Misture a suspensão suavemente, escoando-a para cima e para baixo com uma pipeta de um mililitro. Remova aproximadamente 10 microliters da amostra para contar as células para viabilidade usando o azul trypan. As células com citoplasma claro são viáveis, um citoplasma azul indica morte celular.
Enquanto estiver contando, gire a suspensão da célula quente a 200 vezes G por sete minutos a 37 graus Celsius. Remova o supernatante completamente e resuspende as células em meio de crescimento para alcançar uma densidade celular de 500.000 células por mililitro. Misture a suspensão suavemente e transfira 22 mililitros em frascos de cultura celular T75 cada um.

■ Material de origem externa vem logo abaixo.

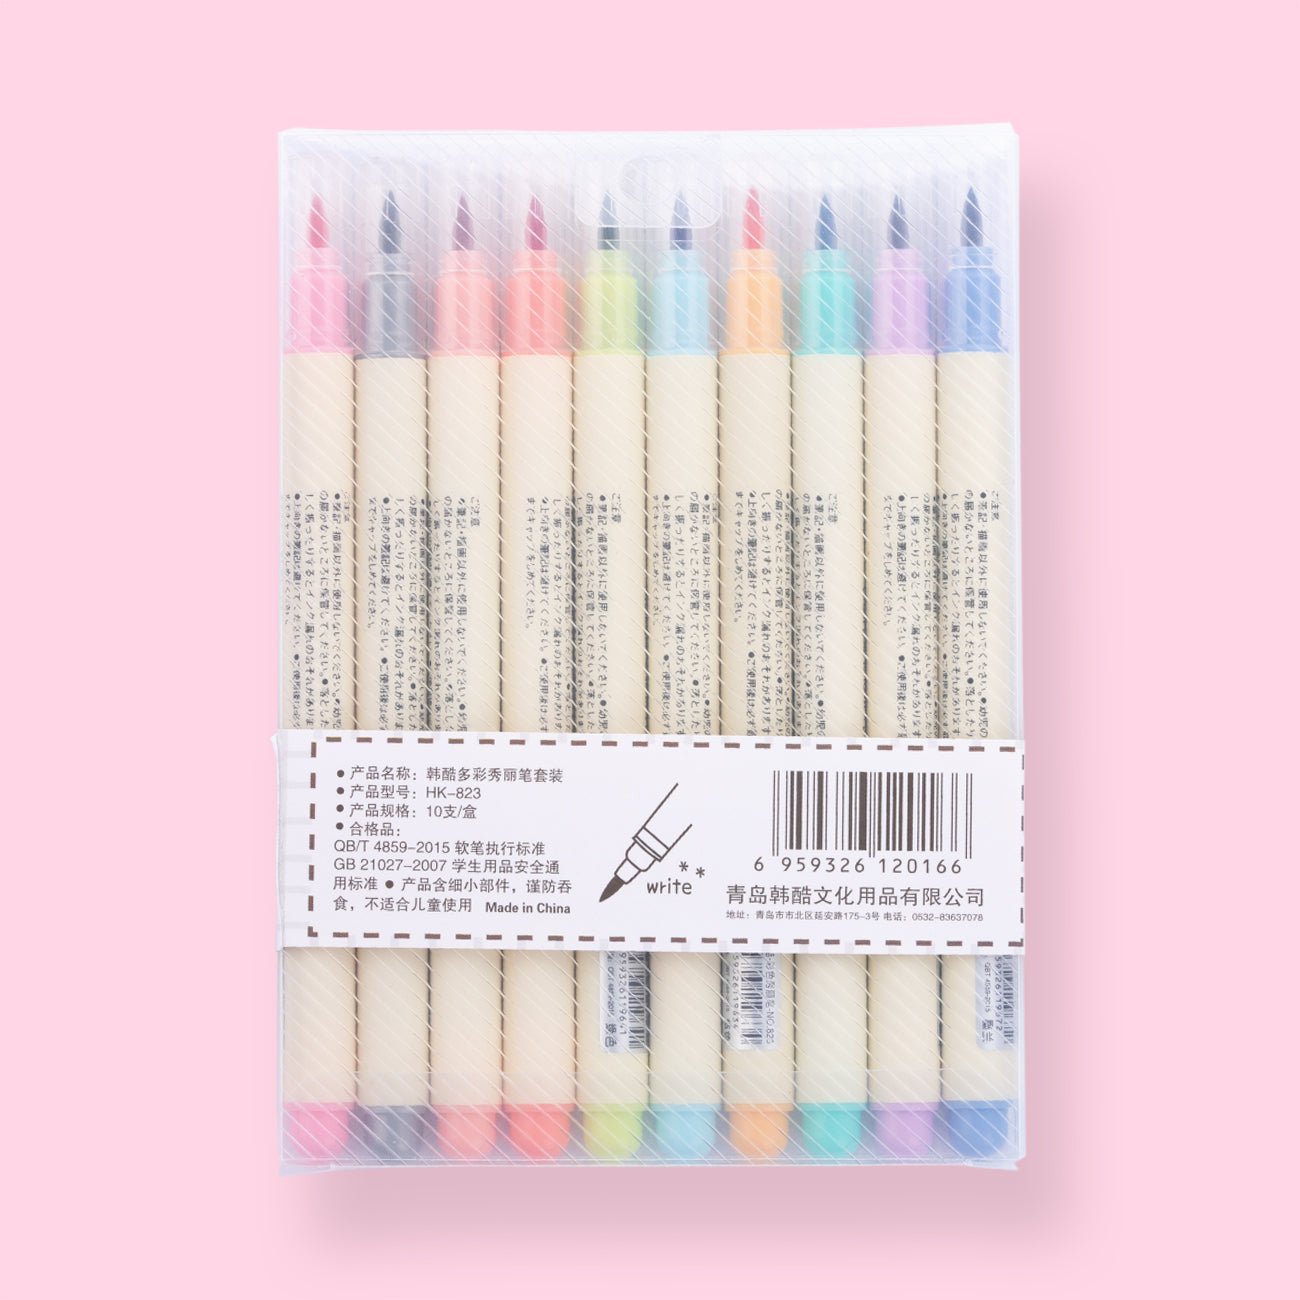 Future Color Lettering Brush Pen (Set of 10)

Armazene os frascos em pé em uma incubadora a 37 graus Celsius com uma concentração de dióxido de carbono de 5% e troque a mídia de crescimento a cada três ou quatro dias. Prepare a suspensão celular para semear as células a uma densidade de 300.000 por mililitro por poço em placas de cultura celular de 24 poços. Misture o meio suavemente e uma alíquota de 26 mililitros em tubos de 50 mililitros.
Transfira um mililitro do meio contendo células em cada poço de uma placa de 24 poços. Misture a mídia suavemente, encalhando-a para cima e para baixo entre as transferências. Mantenha a solução de trabalho recém-preparada de PMA no gelo e adicione 100 nanogramas de PMA por poço.
Incubar as placas na incubadora sem qualquer tratamento adicional por 72 horas. Após 72 horas, retire o meio de crescimento e substitua-o por um mililitro de meio de crescimento fresco, garantindo não tocar na parte inferior dos poços com pontas de pipeta. Deixe as células descansarem por mais 96 horas na incubadora.
Remova o meio de crescimento e substitua-o por um mililitro de meio de crescimento fresco. Adicione 20 nanogramas de interleucina 4 e 20 nanogramas de interleucina 13 por poço. Em seguida, deixe as células descansarem por 48 horas na incubadora.
Repita todo o processo após 48 horas e deixe as células descansarem por mais 48 horas na incubadora. Remova o meio de crescimento e substitua-o por um mililitro de meio de crescimento fresco. Em seguida, deixe as células descansarem por 48 horas na incubadora.
Remova o meio celular quente de cada poço e substitua-o por uma mistura de um mililitro de PBS gelado sem cálcio e magnésio e 5%FBS. Em seguida, coloque imediatamente a placa de célula no gelo por 45 minutos. Depois de 45 minutos no gelo, raspe as células usando mini raspadores de células.
Transfira suavemente os macrófagos separados para PBS frio e 5% FBS em um tubo de 15 mililitros mantidos no gelo. Os macrófagos derivados do método de polarização mostram a expressão do CD14, bem como marcadores CD11b. Os marcadores monócito e macrófago CD14 e CD11b foram expressos em 70,9% e 74,7% das células, respectivamente.
As células apresentaram baixos níveis de superfície do marcador M1 CD80 em 0,2% das células, e altos níveis de superfície do marcador M2-like CD206 em 62,6% das células. Como as células THP-1 em média tendem a afundar-se ao fundo de um frasco e são fáceis de ativar através de estresse mecânico, a mistura suave e o manuseio das células é importante. Macrófagos semelhantes a M2 são criados de forma reprodutivelmente, e foram caracterizados usando QR-TPCR, ELISA e citometria de fluxo.
Esta é a base para investigar mecanismos anti-inflamatórios no desenvolvimento do câncer ou remodelação de tecidos.